La nature de la prise du pouvoir qui a pris l’aspect d’une forme de révolution légale, au moins en Italie, en Allemagne et dans une certaine mesure en France, n’a pas simplifié les choses. Bien au contraire. Pour les contemporains, la tendance lourde a été de sous-estimer le changement. ←15 | 16→À leur arrivée au pouvoir, Mussolini comme Hitler durent composer avec les institutions. Les deux dictateurs considéraient qu’ils accomplissaient tous deux une Révolution légale. Mal perçu par les contemporains et ensuite par les historiens, ce concept signifiait simplement que la révolution devait se faire à l’intérieur des institutions existantes sans qu’il y eût de rupture apparente. Les cadres constitutionnels se prêtaient à d’éventuelles transformations et déformations. L’Italie restait régie par la constitution piémontaise monarchique de 1848 qui, à la suite de la constitution de l’Unité (1861), avait été étendue à l’ensemble du pays. Dans le cas de l’Allemagne, la République de Weimar fondée en 1918 reposait sur un compromis. Les constituants avaient opté pour un exécutif fort pour conjurer les risques de révolution et de séparatisme. Les deux constitutions se prêtaient à de possibles dérives autoritaires. Pour la France, le Parlement réuni à Vichy permit en accordant les pleins pouvoirs à Pétain le 10 juillet 1940 d’utiliser ce recours à la révolution légale pour jeter les fondements de l’État français. Entre 1940 et 1942, 200 à 300 parlementaires adhérèrent à l’Ordre Nouveau soit un tiers de l’effectif théorique10. Seule l’Espagne présenta sur ce point une rupture radicale. Le soulèvement du 17 juillet 1936 partagea les Espagnols en deux camps bien distincts, avec d’un côté ceux qui relevaient de la Constitution républicaine de 1931 et de l’autre, ceux qui se ralliaient au nouvel État en formation avec la Junta de Defensa Nacional constituée le 24 juillet 1936. C’est en fait le général Miguel Ferrer Cabanellas qui nomma Franco le 29 septembre chef du gouvernement espagnol, en vue de constituer tous les pouvoirs de nouvel État. Le régime franquiste ne disposa en réalité ainsi d’aucune Constitution mais de plusieurs lois qui jouèrent le rôle de lois fondamentales.

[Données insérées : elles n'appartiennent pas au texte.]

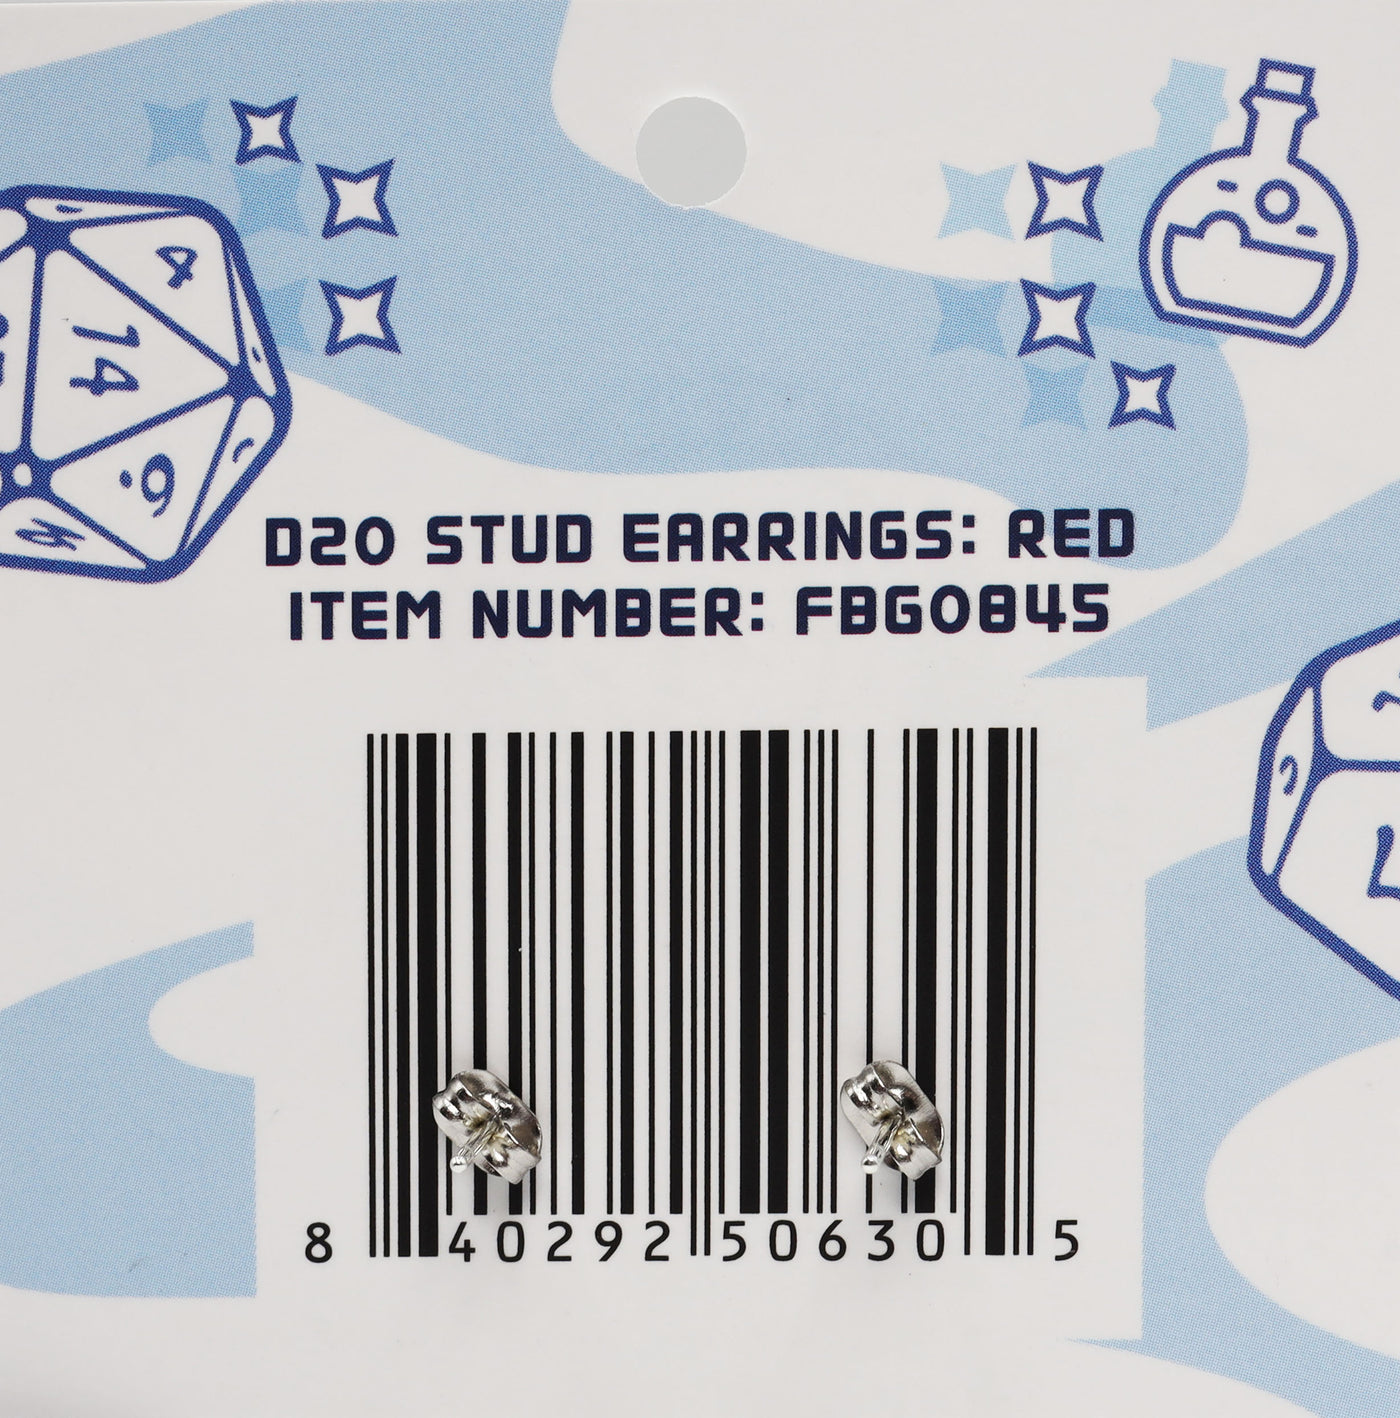 D20 Stud Earrings: Red Jewelry Foam Brain Games

D’une façon globale, une fois la conquête du pouvoir assurée, nombre de membres de l’élite souscrivirent au nouveau pacte national qui excluait « les traîtres à la Patrie » (résistants, socialistes, juifs, républicains, francs-maçons….). Ceci valait surtout pour la haute fonction publique. La plupart des hauts fonctionnaires au moins en Allemagne méprisaient la république et accueillirent favorablement la Gleichschaltung (synchronisation)11. La majorité des fonctionnaires, particulièrement dans les plus hauts ←16 | 17→échelons étaient acquis aux idées nationalistes et conservatrices. La haute administration française était elle aussi régie par une culture conservatrice comme au Conseil d’État ou pour les préfets. Après épuration, un grand nombre d’institutions ont pu ainsi se maintenir y compris les églises dont le rôle a été redimensionné par le nouveau pouvoir. Certains membres de l’élite ont renoncé à participer au nouveau régime. Mais dans leur majorité, beaucoup d’entre eux acceptèrent non seulement de rallier le nouveau régime mais d’y jouer un rôle plus ou moins important en particulier lors de l’accélération de la phase autoritaire et totalitaire. Une fois l’État nouveau installé, se posait la question de la cohabitation ou de la pure intégration des nationalistes dans les nouveaux États.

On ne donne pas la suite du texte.